My third niece graduated from high school in 2014, and by that Christmas I was starting to feel that I should do something about getting a start on her graduation quilt. On Christmas afternoon I asked her some questions about preferences, colors, and so on. Then I holed myself up for awhile with the internet, and gathered a bunch of images of quilts that seemed related to what she had described, saving them on a Pinterest page. That night, she gave me the thumbs-up and thumbs-down on that little virtual quilt collection, leaving me with a set of nine that she liked.
Looking at these, I decided to try again with a concept I used, not terribly successfully I think, in a wedding quilt a few years ago: mottled blues and whites in a grey lattice.

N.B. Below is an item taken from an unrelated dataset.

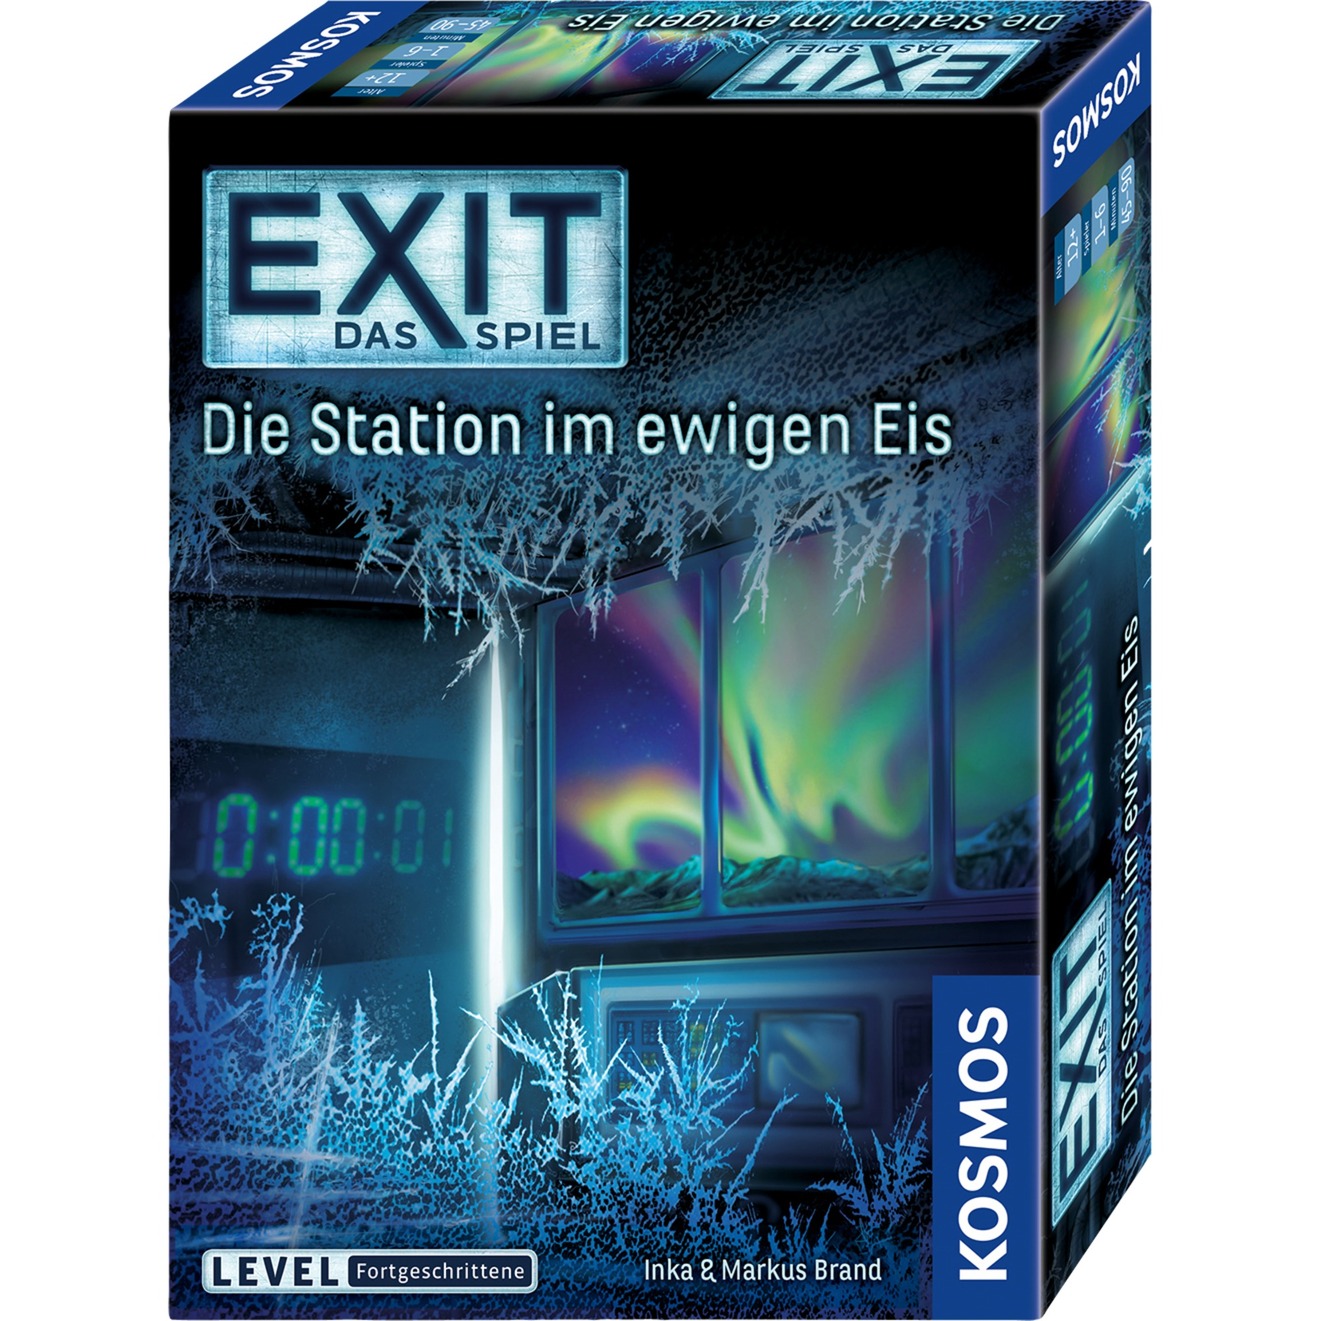 Image of Alternate - EXIT - Das Spiel - Die Station im ewigen Eis, Partyspiel online einkaufen bei Alternate

This time, I would put the lattice on the normal ordinal orientation -- squares instead of diamonds -- and not try to get cute with the shading of the lattice. I'd try to get away from a single big monolithic pattern. And, I'd try to see how far I could get from blue, and still have it be basically a blue and white quilt.
So, I cut a whole lot of squares:
And started arranging them, mostly randomly:
The further you get in assembling this kind of quilt -- unless you've planned it all out from the beginning (which sounds like it would be better, but in some ways gives you less control over the final product) -- the more you have to make decisions about how the various pieces are going to sit relative to each other.
Anyway, eventually you sew everything together and there you are. In this case, there I was on December 20 of last year, just in time to stuff that sucker in a box and make it a twofer graduation/Christmas gift. It's the thought that counts.
Honestly, it's one of my favorites of the quilts I've made.
The Specs
Title: "Niece #3's Graduation Quilt"
Serial Number: 75
Dimensions: 95" x 66"
Batting: Commercial batting from recycled plastic bottles.
Backing: Strips of solid flannels. Didn't get a picture, apparently.
Quilting: Following the lattice frame.
Quilting: Following the lattice frame.
Begun: Christmas 2014
Finished: Just in time for Christmas 2015
Intended Use/Display: Blanket.
Provenance: In use, as far as I know.